Relay-Version: version B 2.10 5/3/83; site utzoo.UUCP
Path: utzoo!watmath!clyde!burl!ulysses!mhuxr!mhuxn!ihnp4!ucbvax!jade!ucbopal!mwm
From: mwm@ucbopal.berkeley.edu (Mike (I'll be mellow when I'm dead) Meyer)
Newsgroups: net.micro.amiga
Subject: Re: AmigaDos...
Message-ID: <615@jade.BERKELEY.EDU>
Date: Sun, 27-Apr-86 05:44:23 EDT
Article-I.D.: jade.615
Posted: Sun Apr 27 05:44:23 1986
Date-Received: Fri, 2-May-86 07:34:12 EDT
References: <1076@h-sc1.UUCP>
Sender: usenet@jade.BERKELEY.EDU
Reply-To: mwm@ucbopal.UUCP (Mike (I'll be mellow when I'm dead) Meyer)
Distribution: net
Organization: Missionaria Phonibalonica
Lines: 217

In article <1076@h-sc1.UUCP> breuel@h-sc1.UUCP (thomas breuel) writes:
>A complaint, and two questions:
>
>I have philosophical problems with the AmigaDos file system.
>The file system appears to be optimised for finding a named entry
>quickly and for making directories small and cheap: the directories
>are hashed and do not contain the filenames. This means that for
>wildcard expansion and select-file-dialog-box'es, one block has
>to be read for each entry in a directory.

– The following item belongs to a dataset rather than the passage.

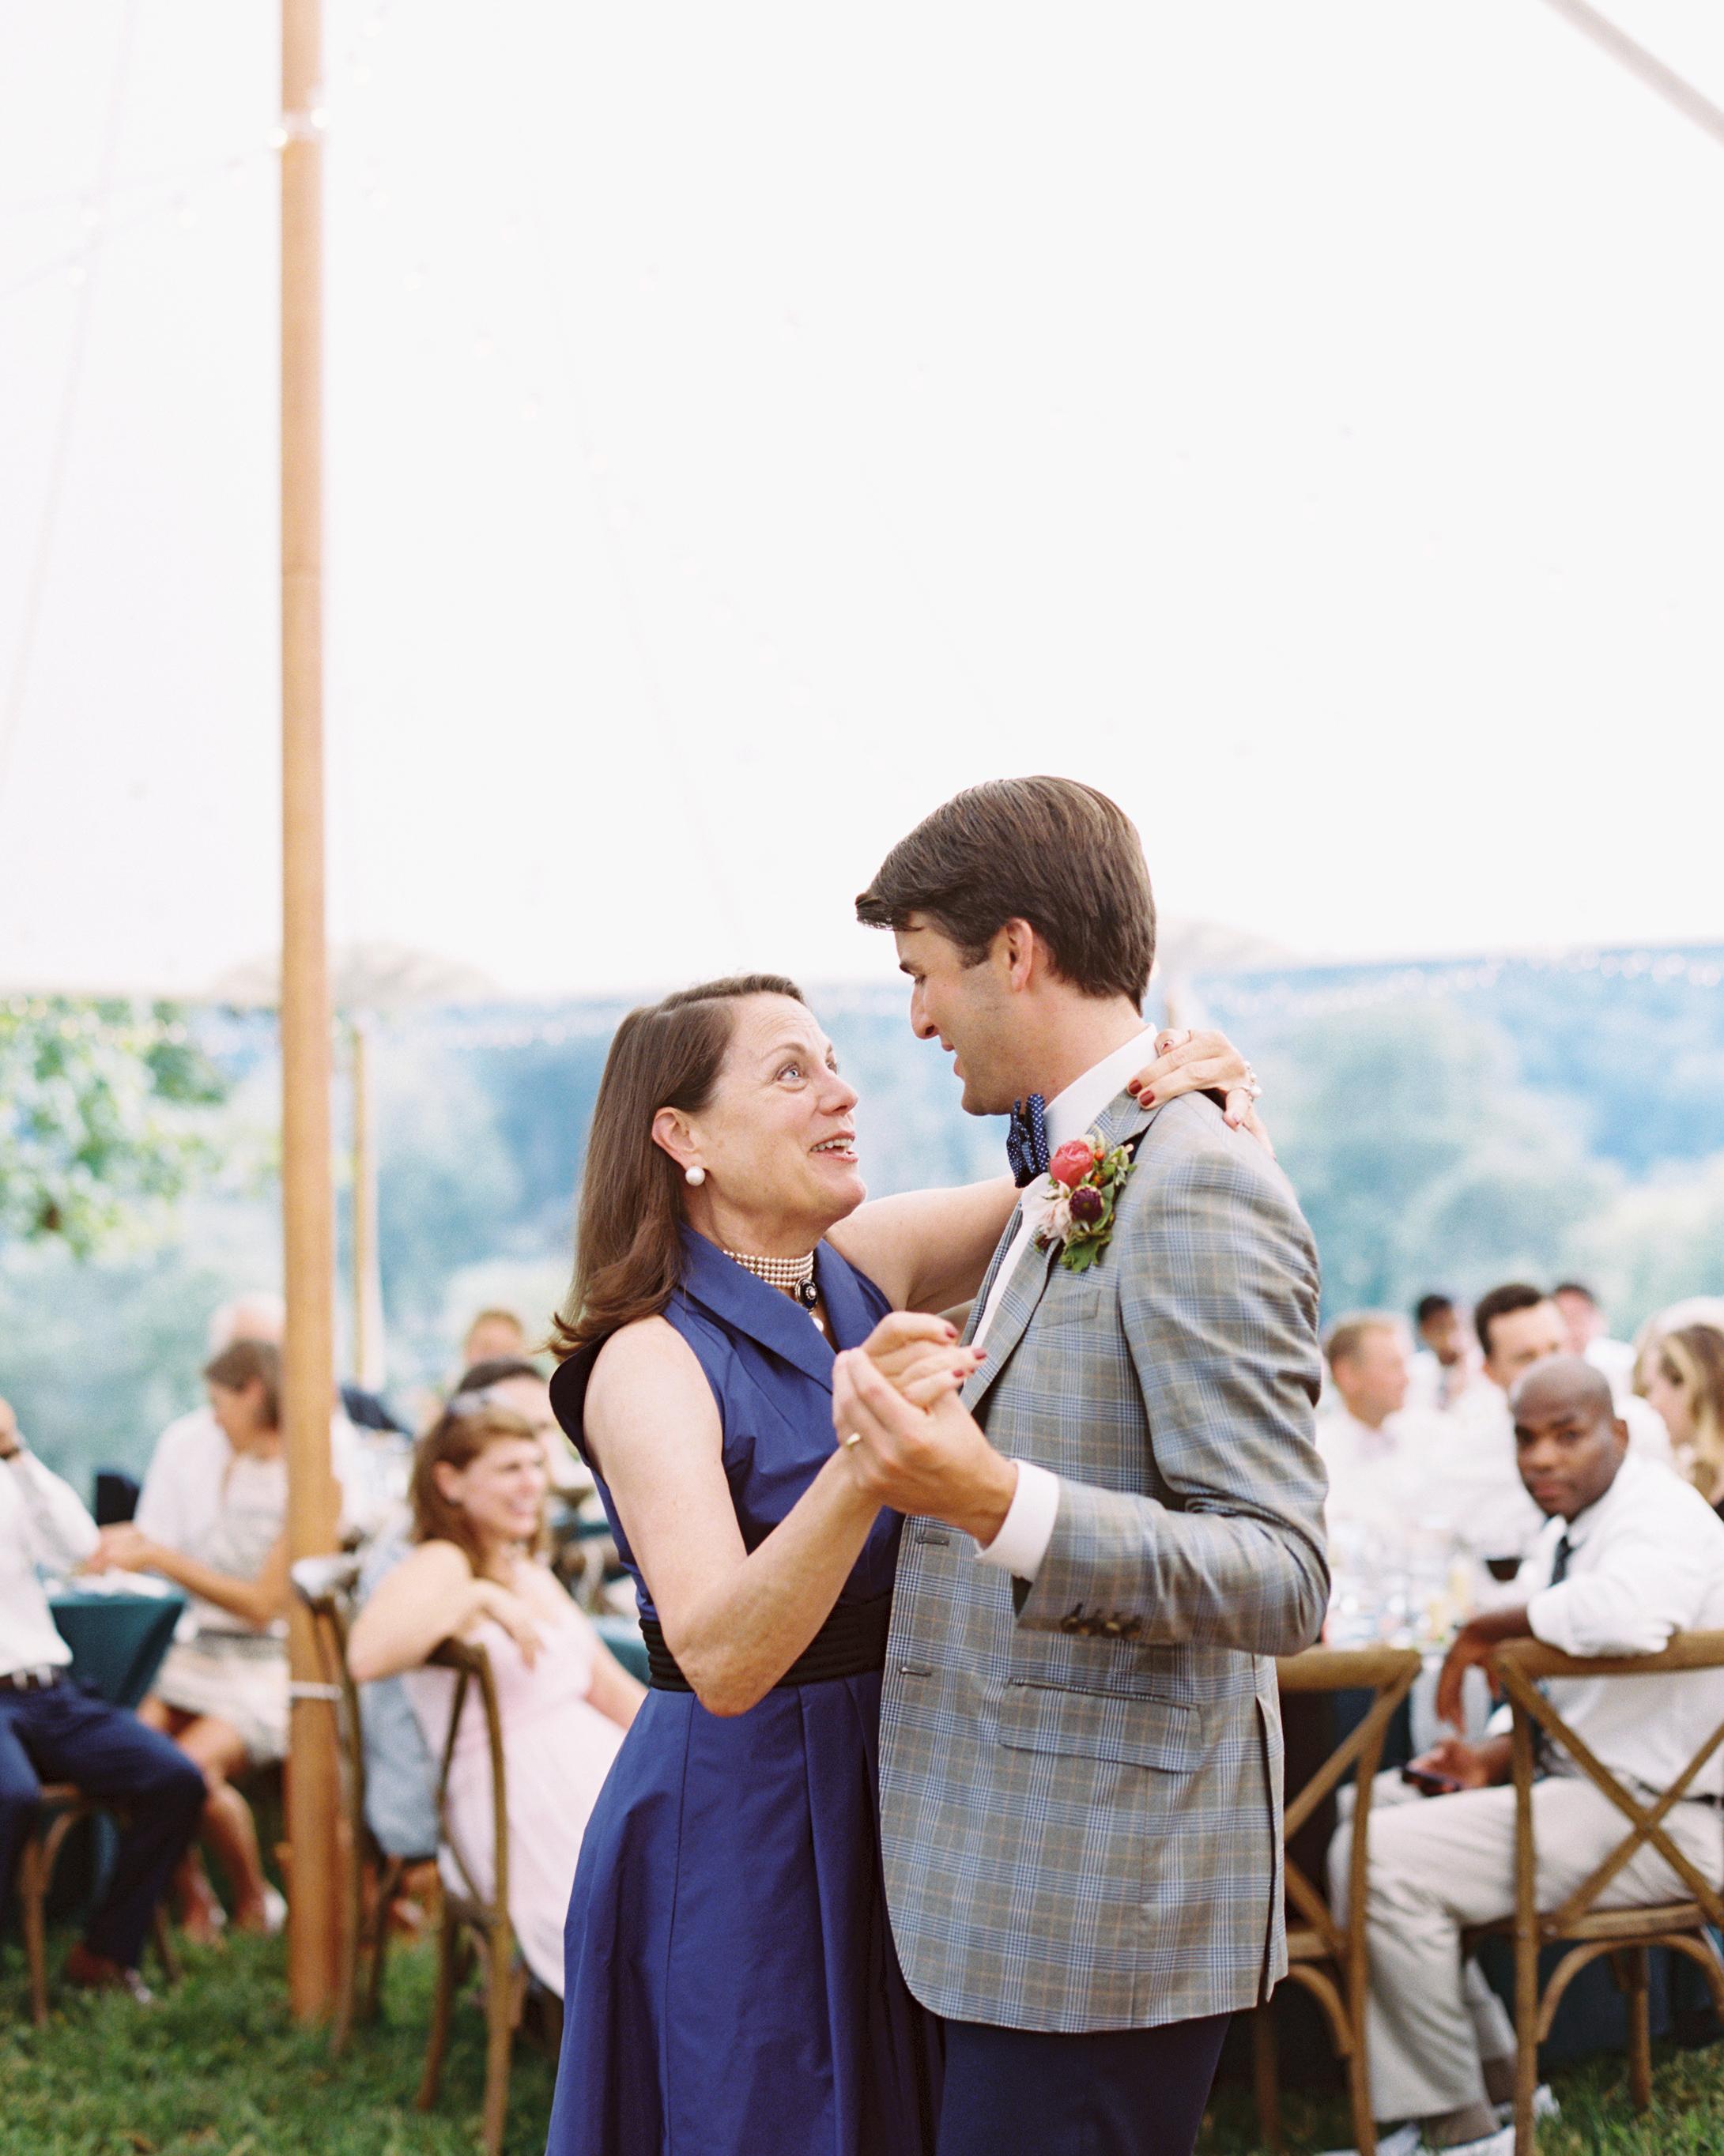 michelle-john-wedding-north-carolina-14-s111840-0215.jpg

True, the AmigaDOS file structure looses on globs. However:

>I can do an 'echo *' or 'ls' and don't have to wait for minutes.

Minutes? How about a couple of seconds/file. That's closer to what I get.
For ~20 files, AmigaDOS runs about half the speed of Unix. But Unix is
running on an RA81 and AmigaDOS is running on a floppy.

If you want to do ls -l (AmigaDOS list), Unix gets extra block reads to get
inodes, but AmigaDOS has the same number of reads as with a dir.

>An unrelated, but (philosophically) similar problem is the use
>of linear, linked blocks for file allocation tables.

I'm not quite sure what you're referring to - the linked list of of data
blocks, or the linked list of blocks with pointers to data blocks. The
second one is what's important, and it resembles Unix, except Unix has a
funky multi-level tree. For files with one or three allocation blocks,
AmigaDOS and Unix both need either one or three disk references. For two
allocation blocks, AmigaDOS needs two disk references, and Unix needs three.
For things beyond three allocation blocks, AmigaDOS needs one reference per
block, and Unix uses three or four (depending on Unix flavor) for all of
them. Of course, some Unixes go to linked lists of lists of allocation
blocks. However, with 1K blocks, any file small enough to fit on a floppy
will fit in two or three blocks.

>It appears that allocation blocks are not buffered, so that for
>each seek, Dos has to scan through the whole linked list on disk.
>Needless to say that this is dreadfully slow.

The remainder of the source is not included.